HomeCommunityServers and Cloud Computing blog
April 29, 2026

40% faster image classification on AWS Graviton: how Vociply used Arm Perfomix to cut costs 29%

Optimize TensorFlow Lite on AWS Graviton with Arm Performix. Identify bottlenecks, boost throughput by 40%, and reduce ML inference costs.

By Cornelius Maroa

Share
Reading time 9 minutes

We optimized a TensorFlow Lite image classification workload on AWS Graviton instances using Arm Performix, achieving 40% throughput improvement (2.21 to 3.11 images/second) by identifying and eliminating a preprocessing bottleneck. The Arm Performix CPU Cycle Hotspots recipe reveals that 65% of CPU time runs on inefficient Python loops during image normalization, not on model inference as first assumed. By vectorizing these operations with NumPy, this reduces preprocessing overhead from 65% to 28% of total execution time. It enables faster response times and lowers compute cost by 29% for production ML workloads. 

Problem or goal 

Cloud-based ML inference services face three critical challenges when they scale image classification workloads: 

  • Cost scaling: Processing millions of images daily on x86 instances becomes expensive. AWS Graviton offers 40% better price-performance, but migration requires optimization and validation.
  • Performance uncertainty: Migrating TensorFlow models to Arm does not guarantee optimal performance. Unoptimized code can remove architecture benefits.
  • Blind optimization: Without architecture-specific profiling tools, developers optimize the wrong code paths based on assumptions rather than data.

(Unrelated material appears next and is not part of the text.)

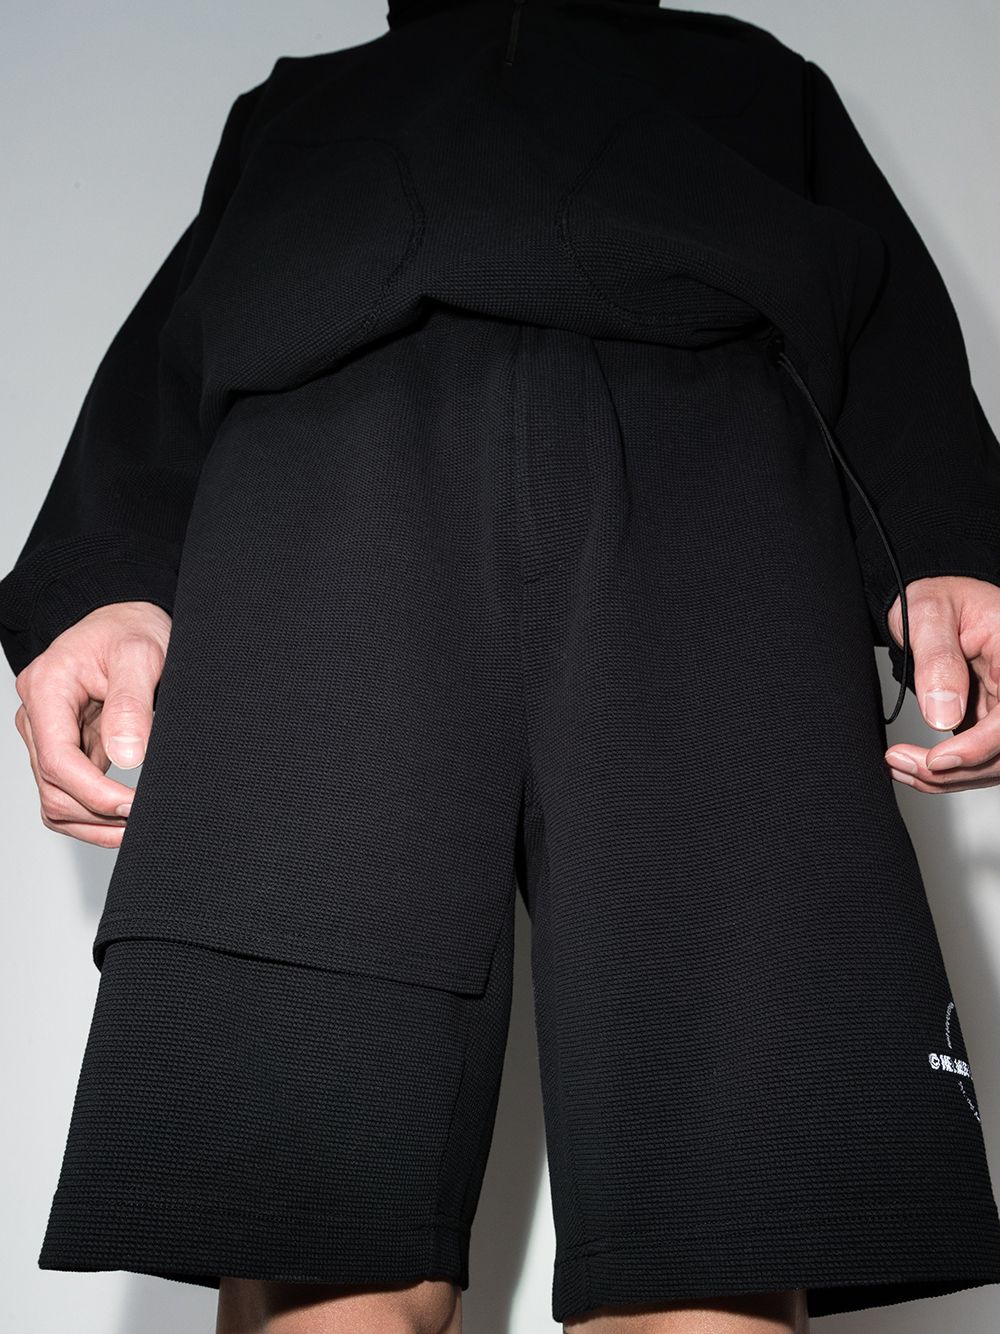 Shop Helmut Lang logo-embroidered track shorts with Express Delivery ...

Our application processes user-uploaded images for content classification in a SaaS platform. The initial Graviton deployment shows cost savings but underwhelming throughput. It processes 2.21 images per second on a t4g instance, which is far below the 4-5 images per second from TensorFlow Lite benchmarks. 

The question: Was the bottleneck in our preprocessing pipeline, the model inference, or somewhere else entirely? 

Without Arm-specific profiling, we risk spending weeks optimizing the wrong components. We need visibility into where CPU cycles run on Graviton hardware. 

Our goal is to identify the performance bottleneck using Arm-native profiling tools, implement targeted optimizations, and achieve throughput competitive with published TensorFlow Lite benchmarks, while we maintain classification accuracy. 

Solution overview 

We use Arm Performix to profile our TensorFlow Lite inference pipeline running on AWS Graviton: 

  • Configured APX to connect to our EC2 t4g instance via SSH 
  • Used Arm Performix CPU Cycle Hotspots recipe to profile the complete inference workflow 
  • Analyzed Arm Performix function-level CPU time breakdown to identify bottlenecks 
  • Refactored preprocessing code based on APX findings (vectorized NumPy operations) 
  • Re-profiled with APX to validate optimization impact 

APX takes 3 minutes to set up and reveals the bottleneck in a single profiling run. Preprocessing consumes 65% of CPU time due to nested Python loops, while the TensorFlow Lite inference, which we assumed was the problem, used only 22%. 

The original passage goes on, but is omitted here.